### Dataset excerpt
>>>>

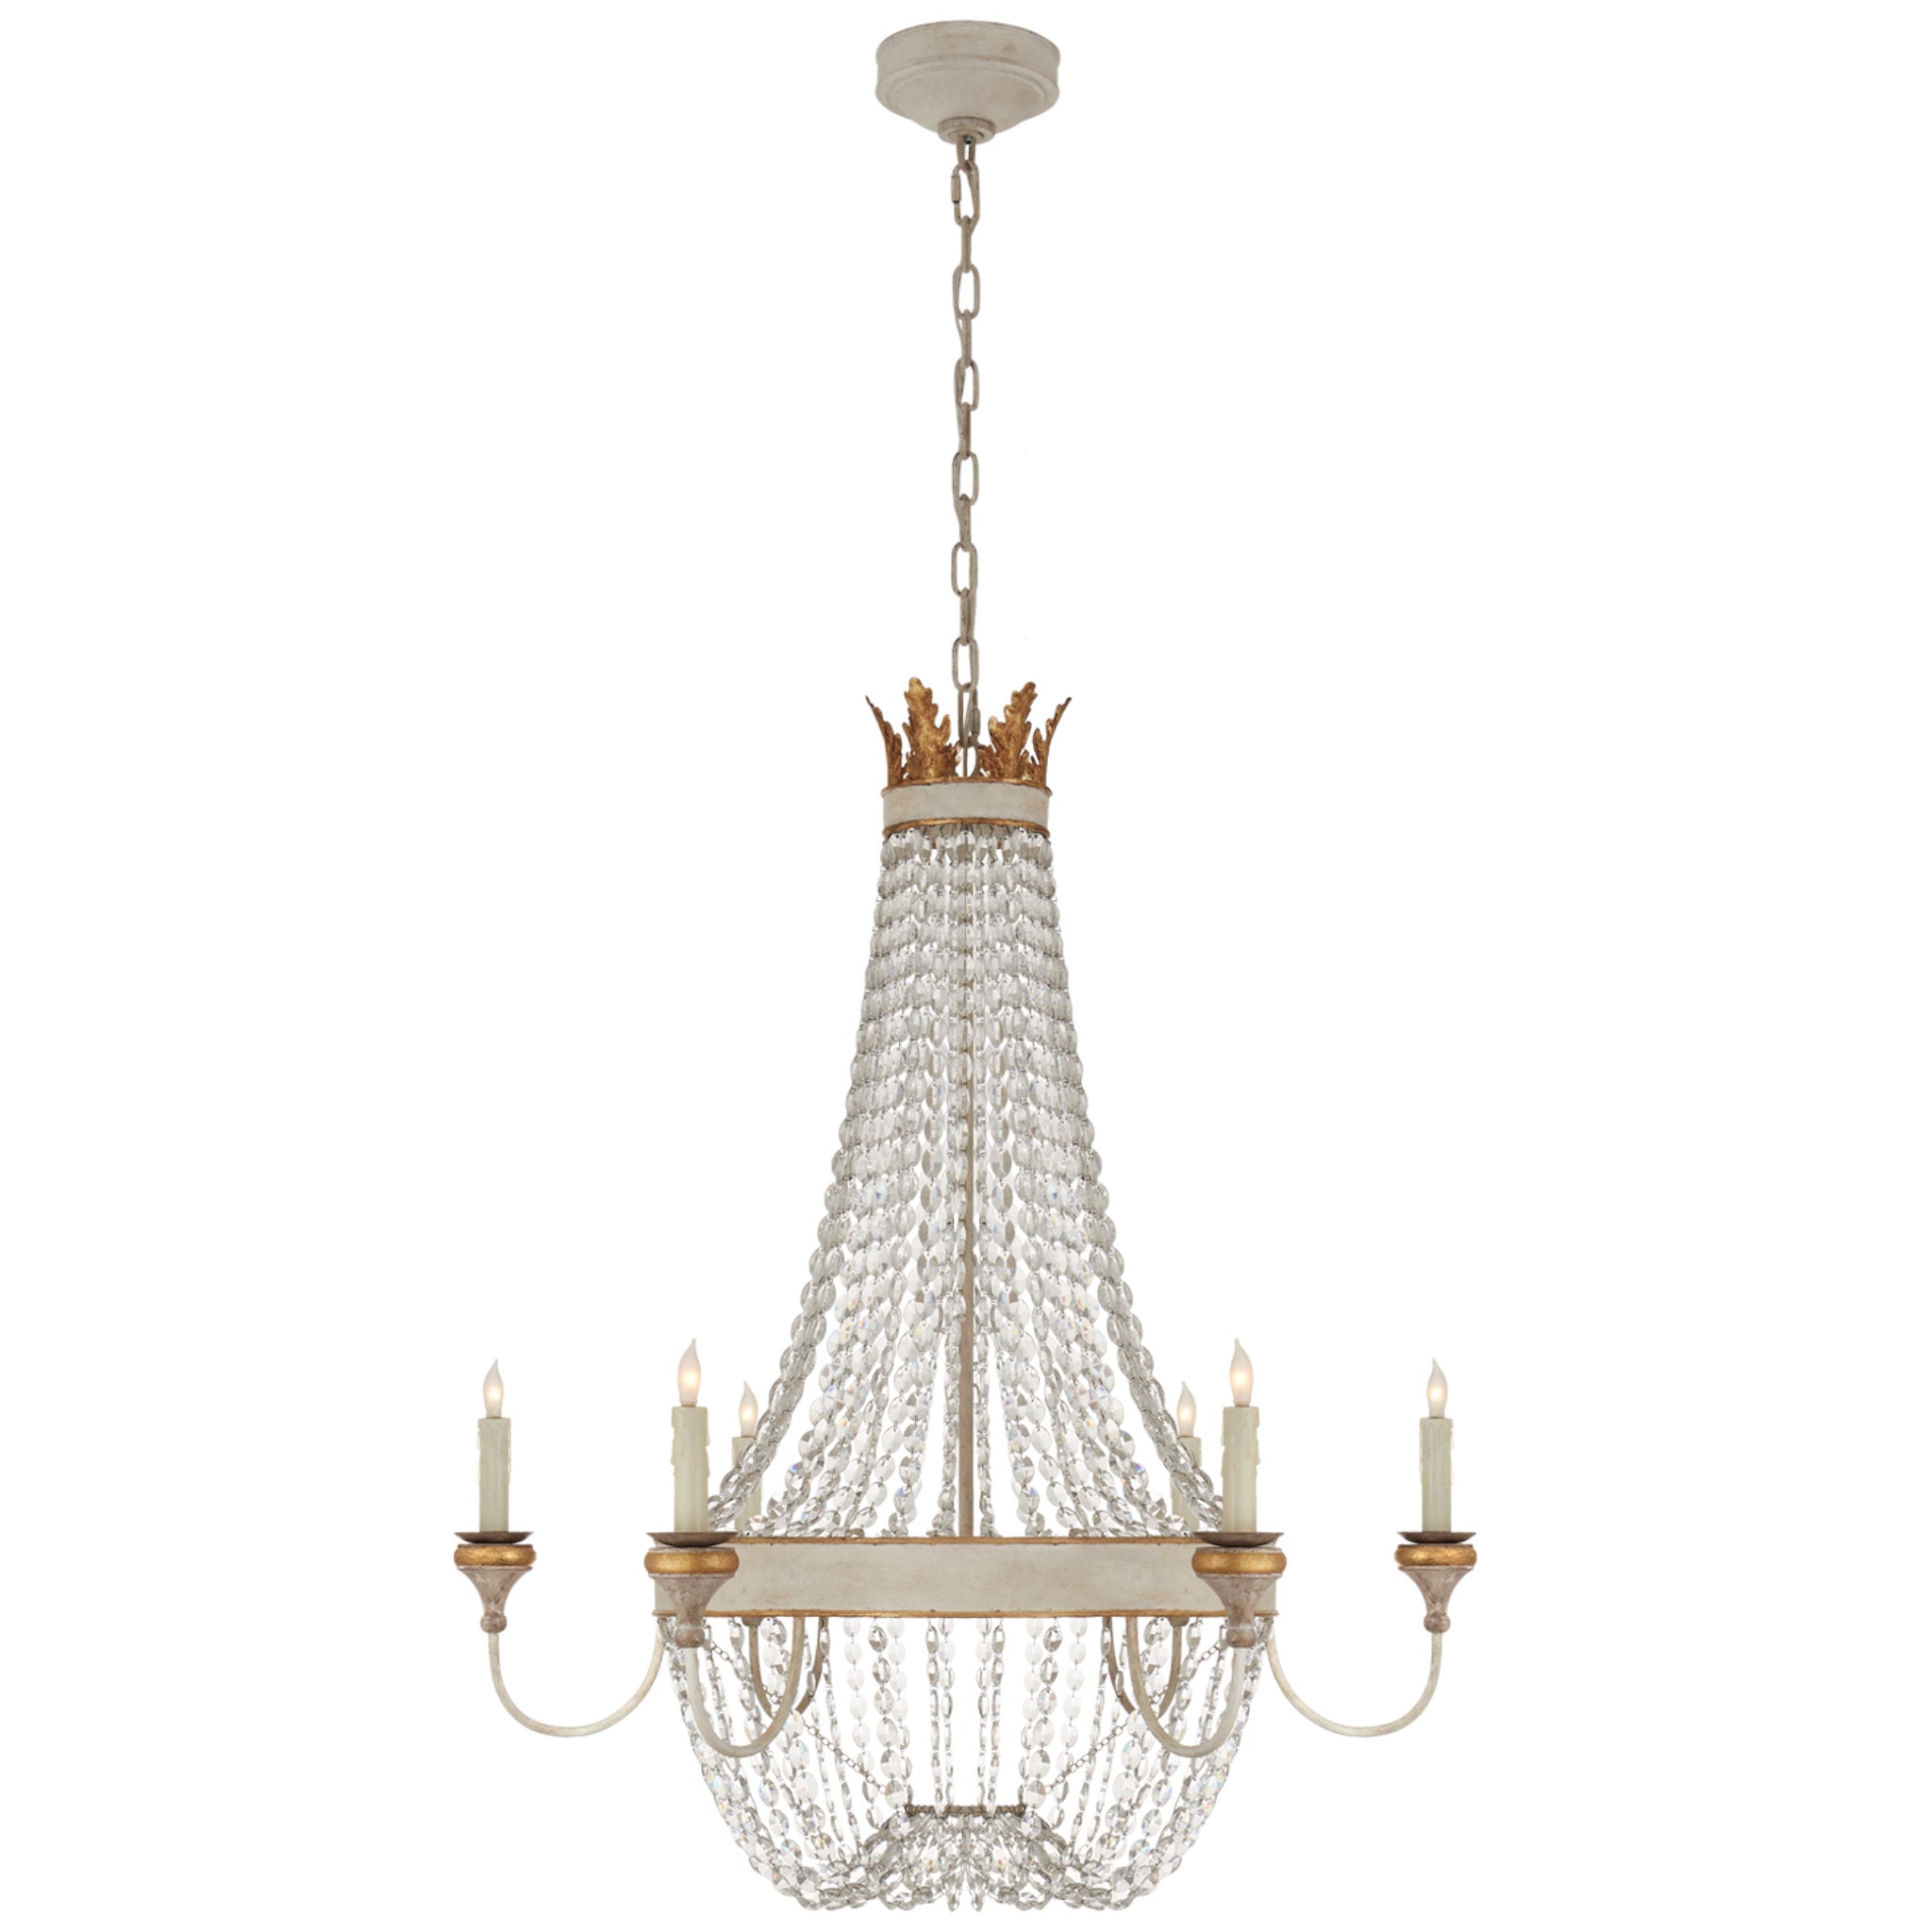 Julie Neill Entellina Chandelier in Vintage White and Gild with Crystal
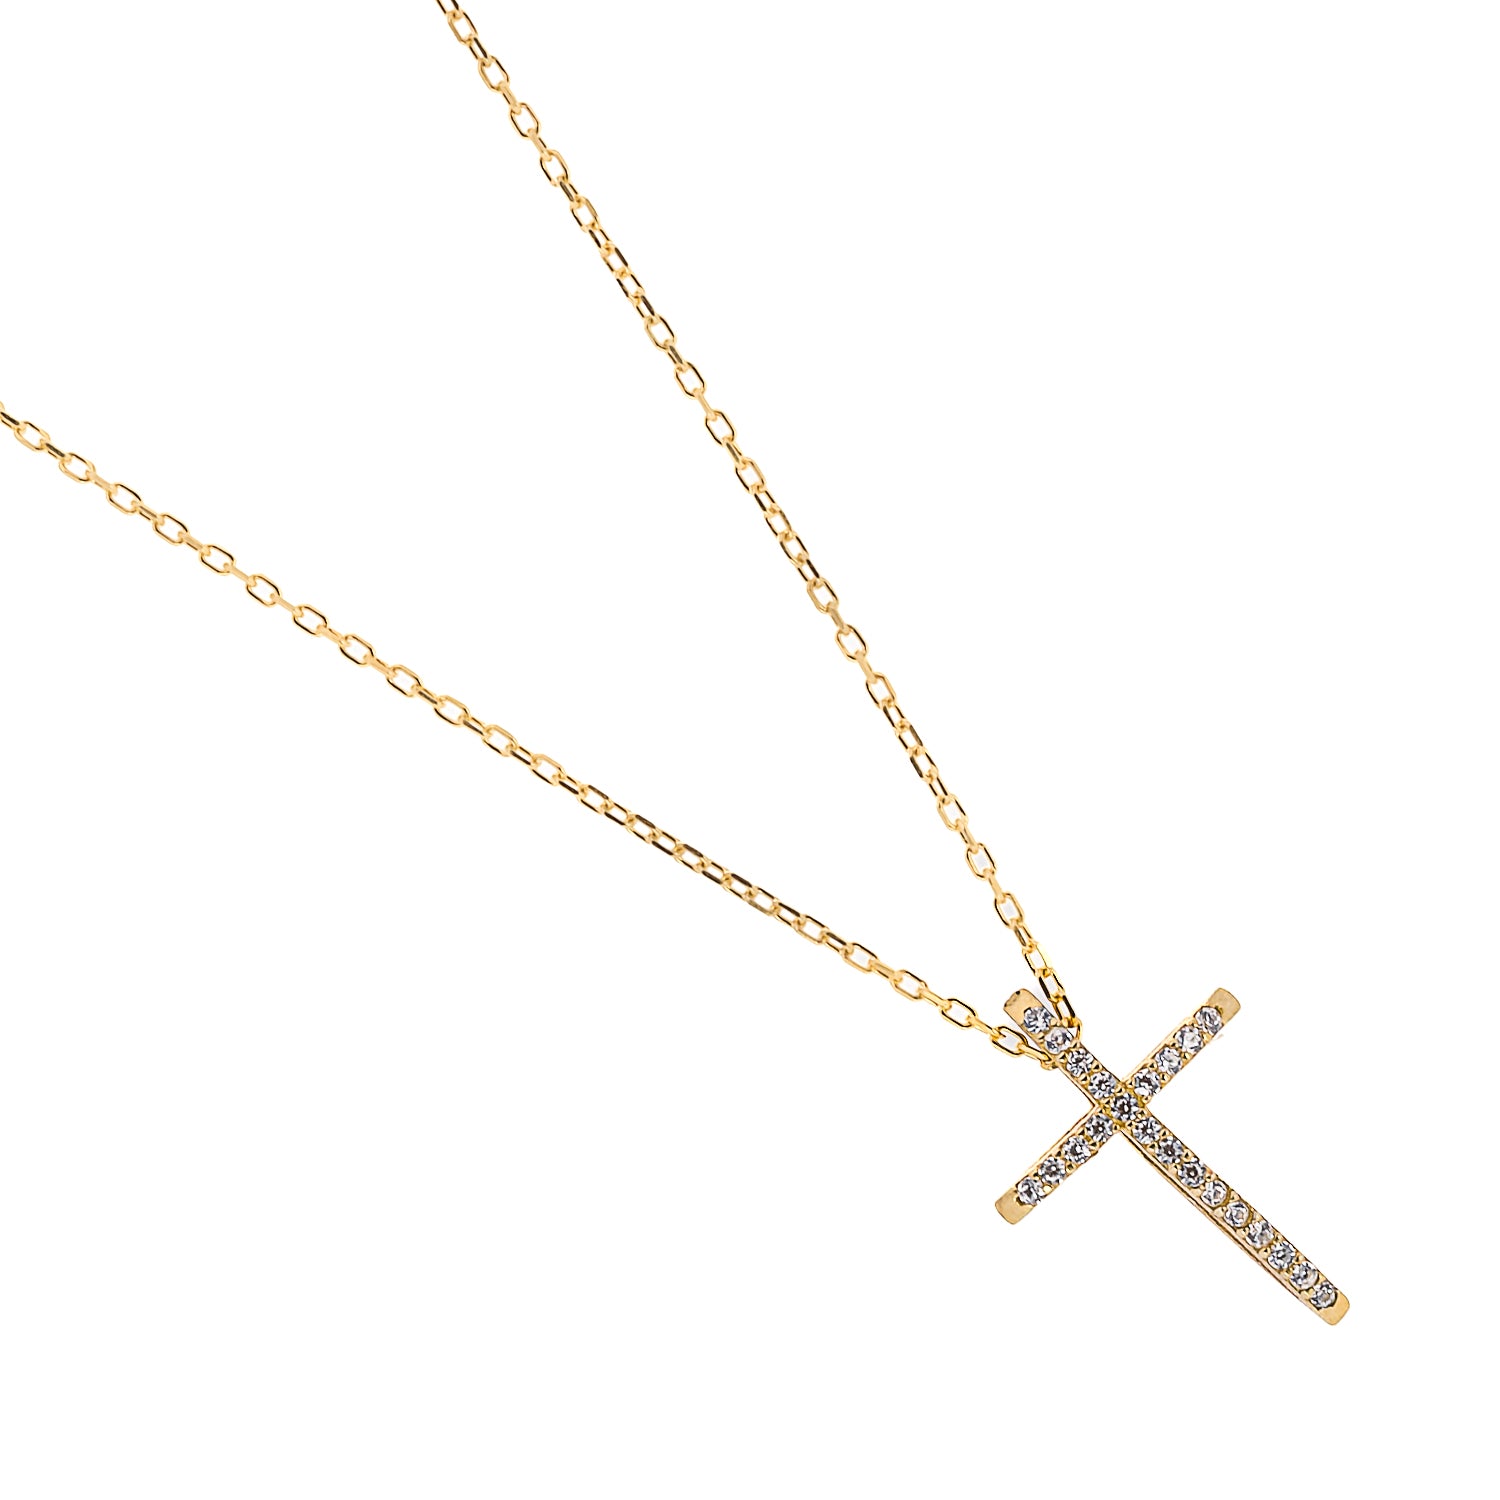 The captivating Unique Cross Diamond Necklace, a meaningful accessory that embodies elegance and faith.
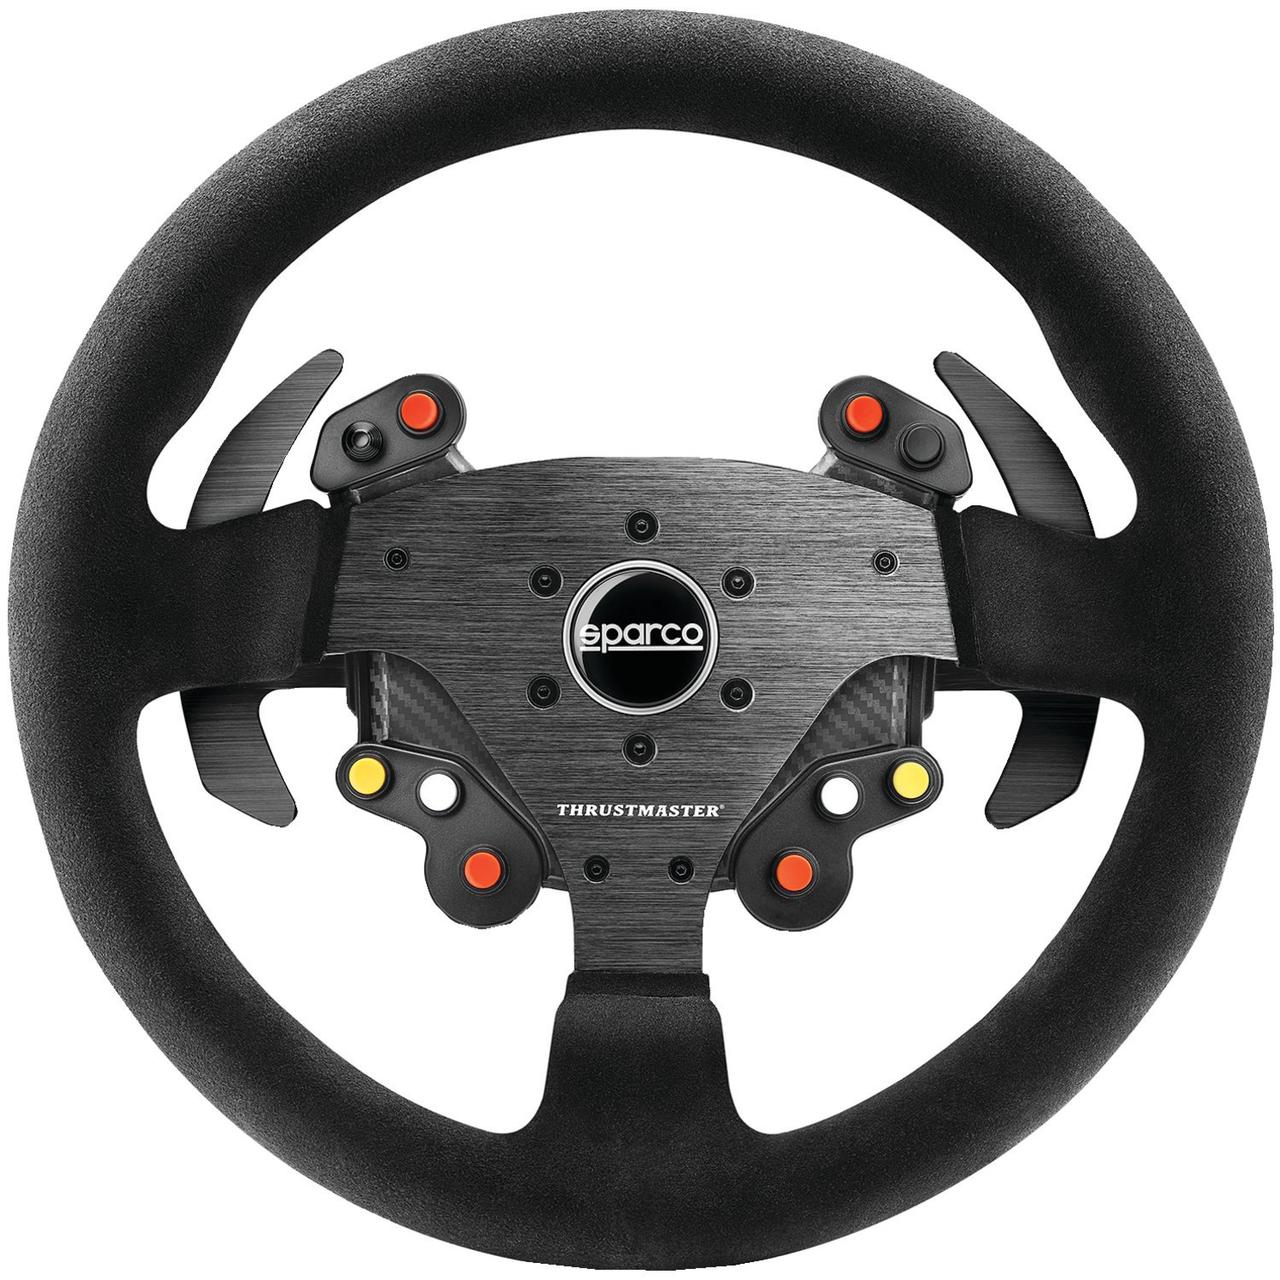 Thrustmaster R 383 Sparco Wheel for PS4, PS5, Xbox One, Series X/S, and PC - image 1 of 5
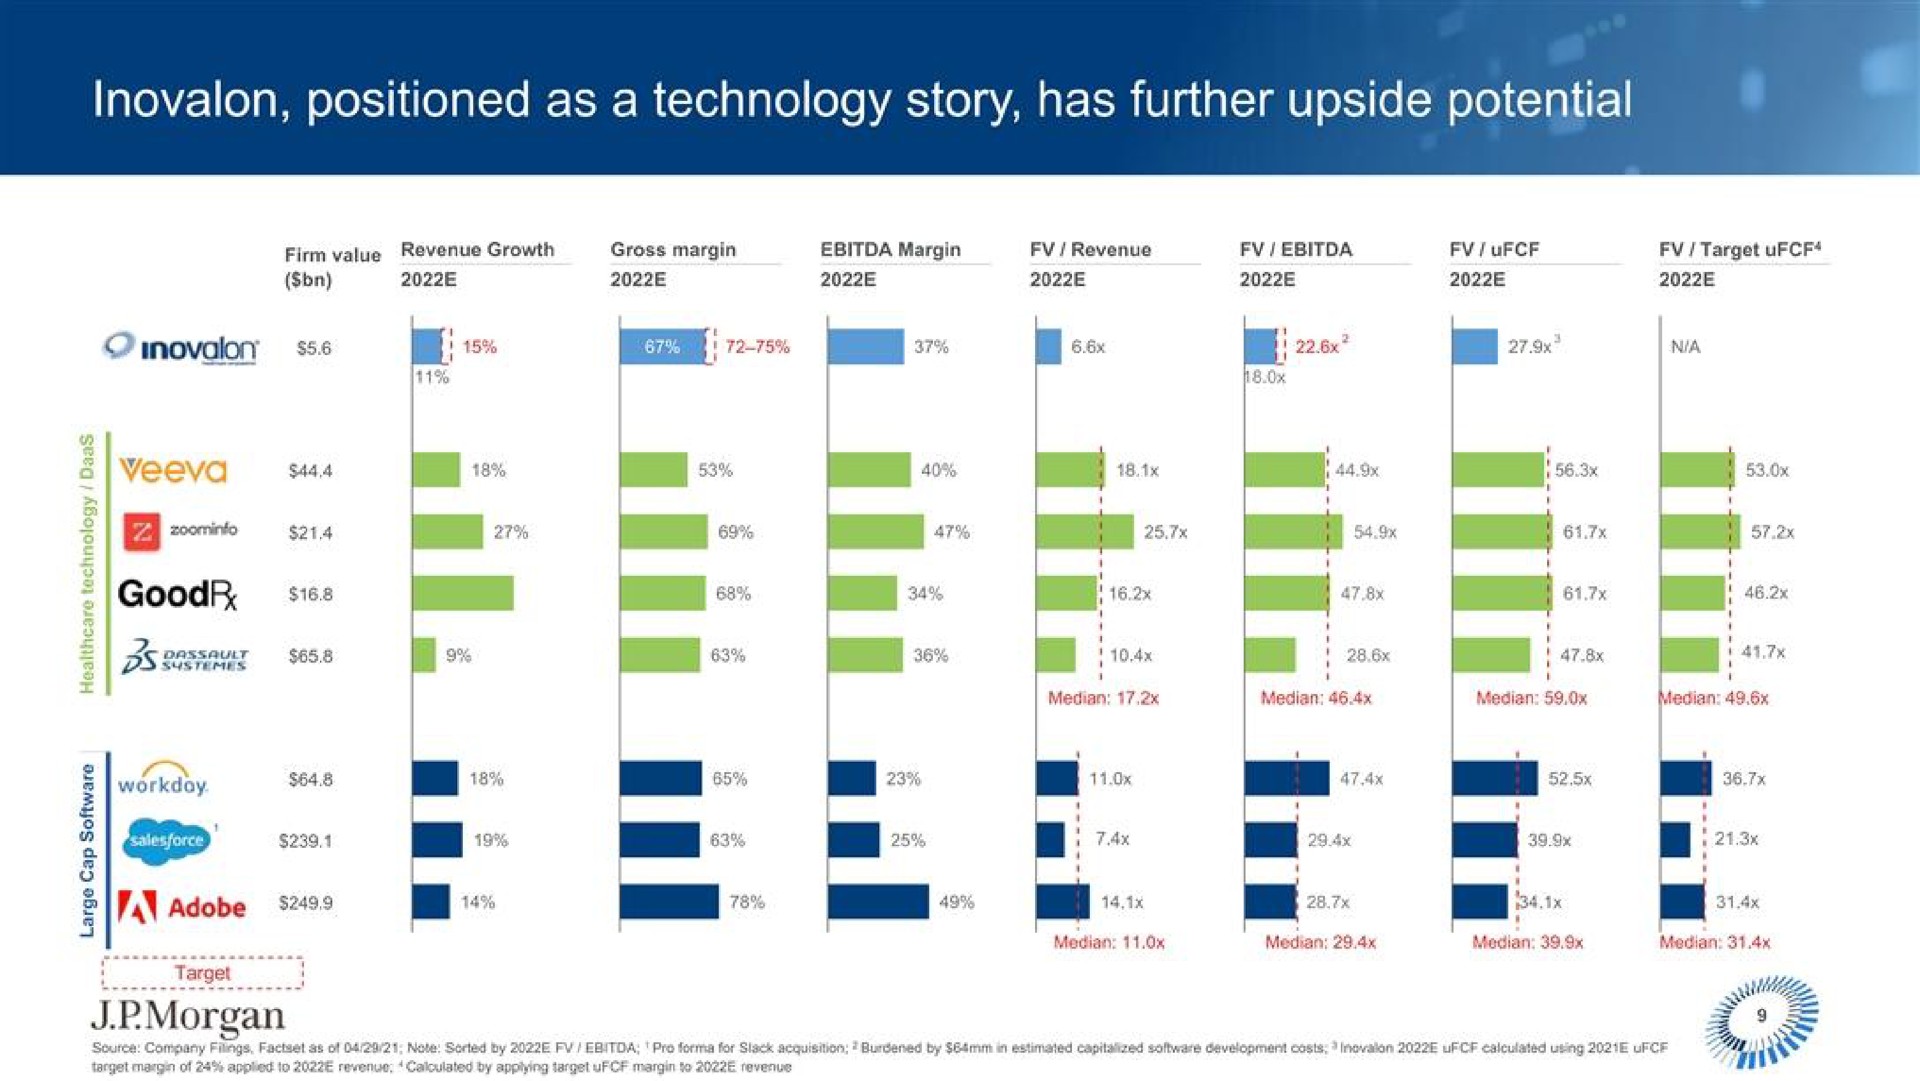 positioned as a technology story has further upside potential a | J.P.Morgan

<<<<

### Task details
Starting with the first line of the data above, write out each line exactly up to and including the line that holds "Thrustmaster R 383". Pictures stay out.

### Worked solution
 Julie Neill Entellina Chandelier in Vintage White and Gild with Crystal
 The captivating Unique Cross Diamond Necklace, a meaningful accessory that embodies elegance and faith.
 Thrustmaster R 383 Sparco Wheel for PS4, PS5, Xbox One, Series X/S, and PC - image 1 of 5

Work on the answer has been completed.